WHAT TO PRODUCE
A word-for-word reproduction of the data below is needed, with no pictures in it.

DATASET CONTENT
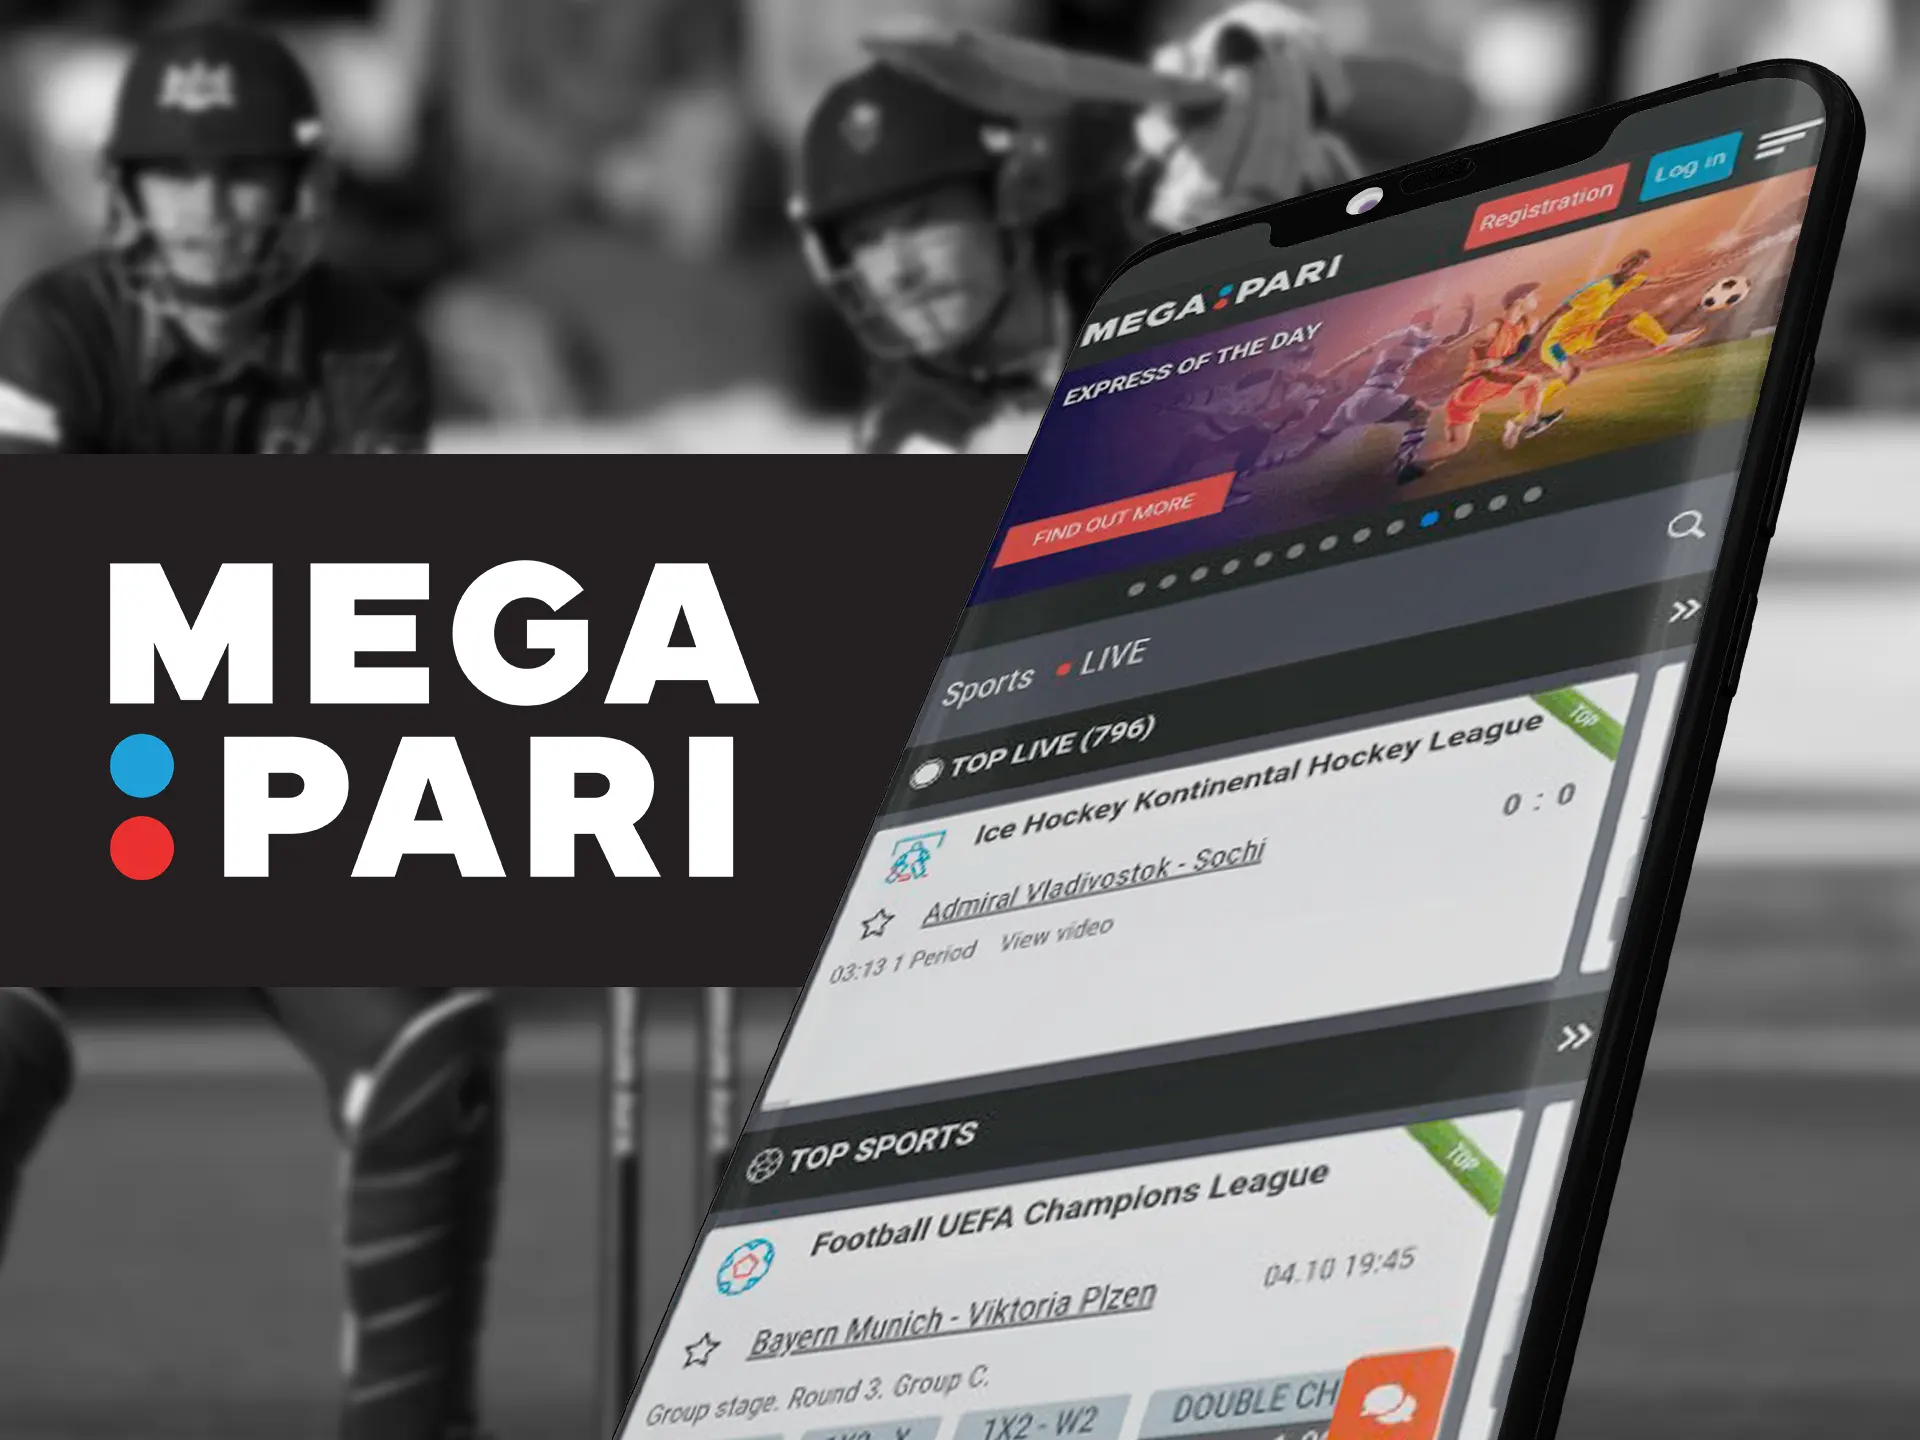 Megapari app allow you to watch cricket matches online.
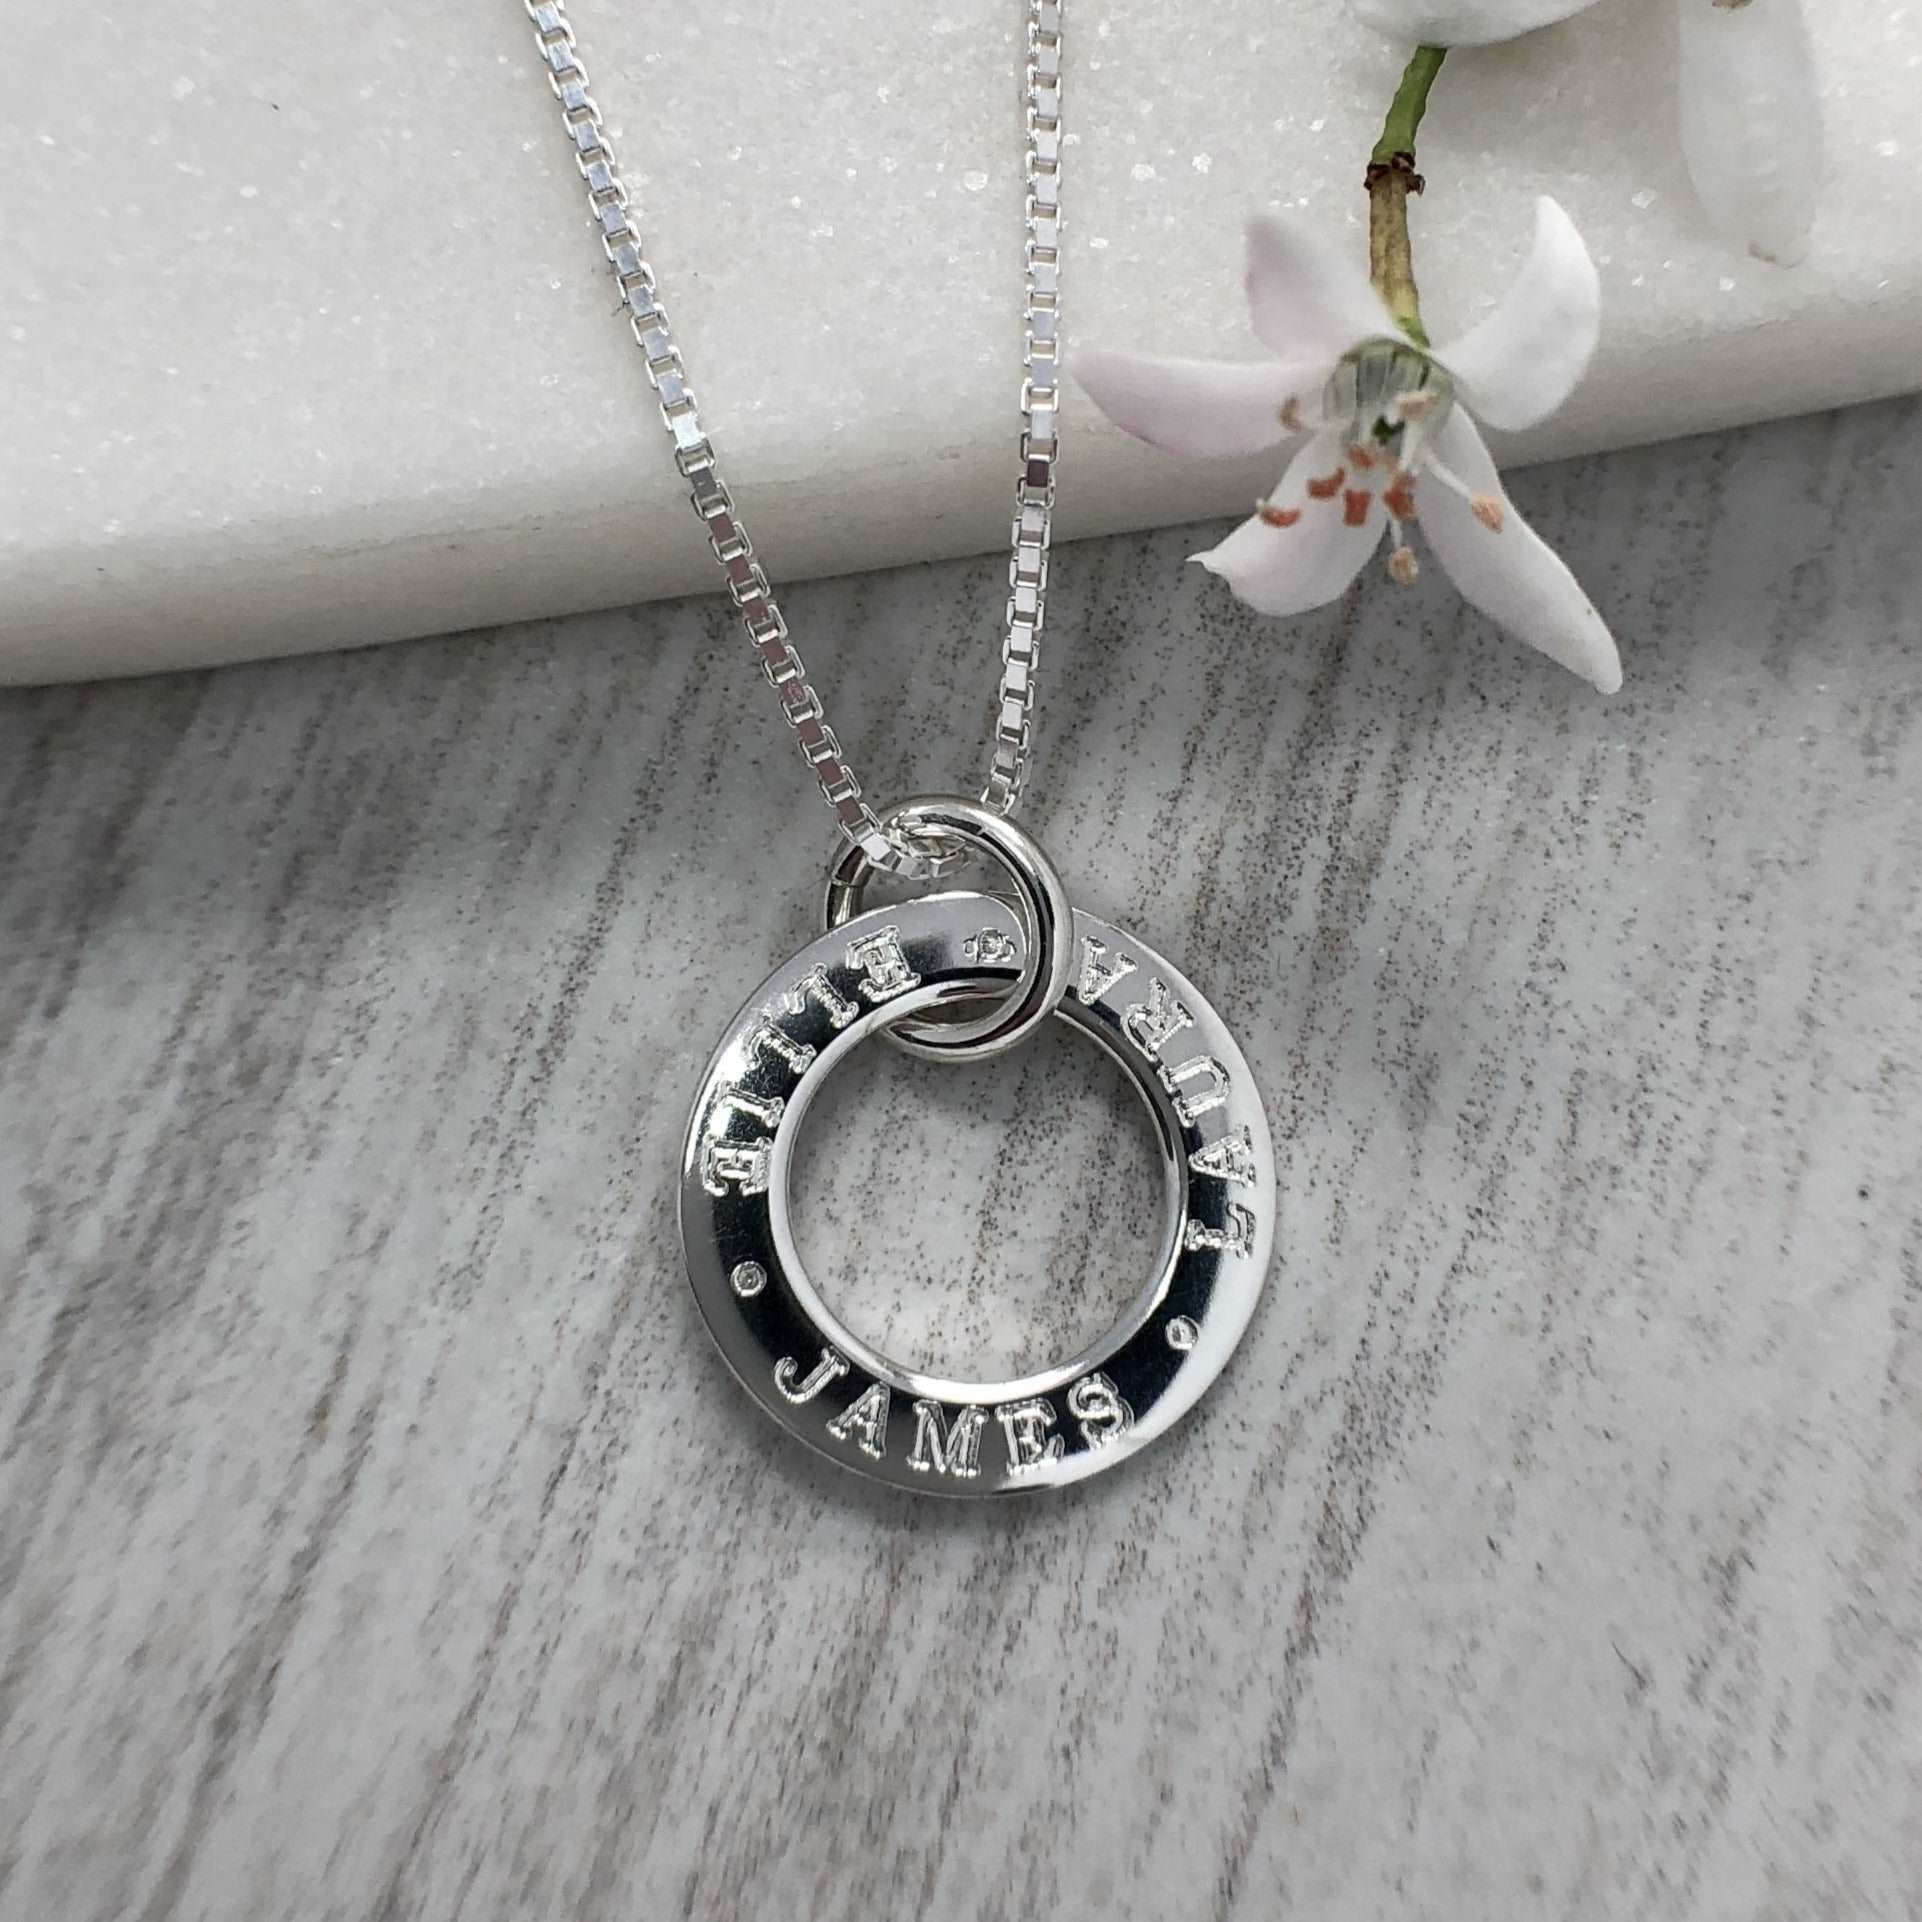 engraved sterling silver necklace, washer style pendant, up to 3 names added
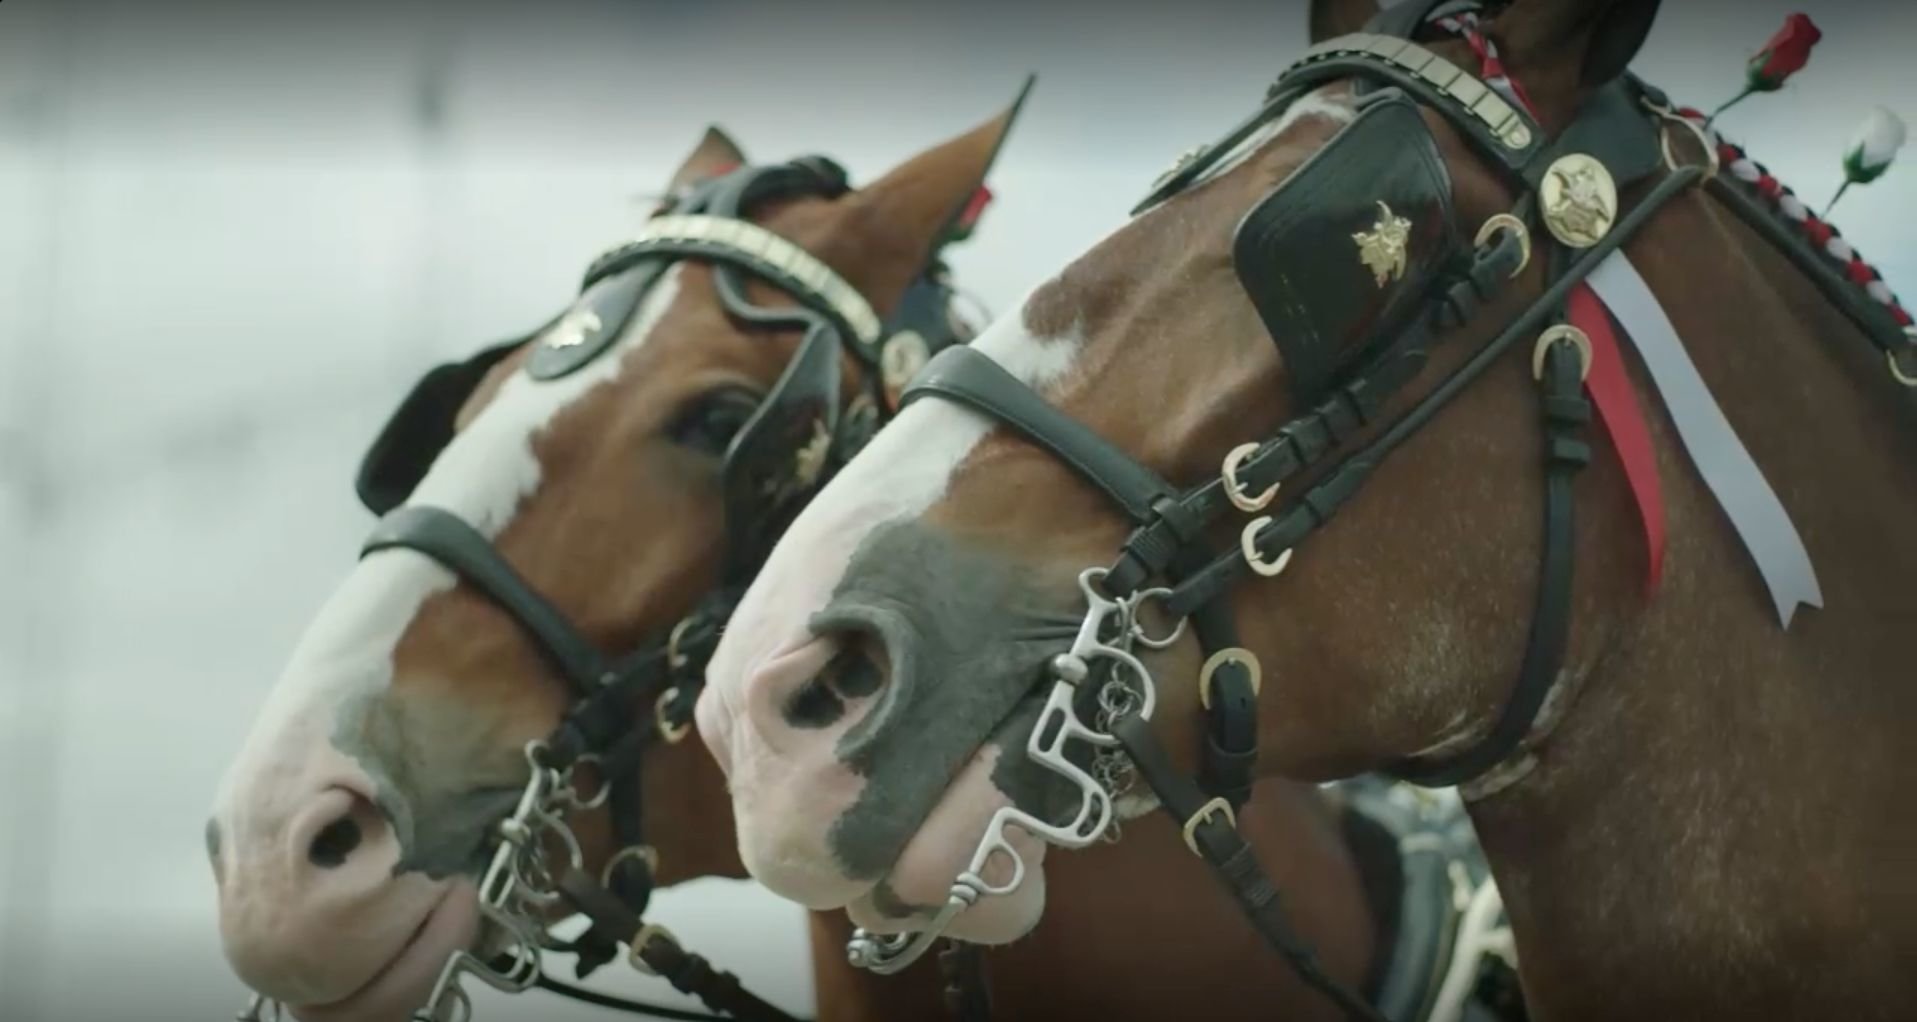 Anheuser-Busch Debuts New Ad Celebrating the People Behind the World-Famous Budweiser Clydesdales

SOLUTION
 Megapari app allow you to watch cricket matches online.
 engraved sterling silver necklace, washer style pendant, up to 3 names added
 Anheuser-Busch Debuts New Ad Celebrating the People Behind the World-Famous Budweiser Clydesdales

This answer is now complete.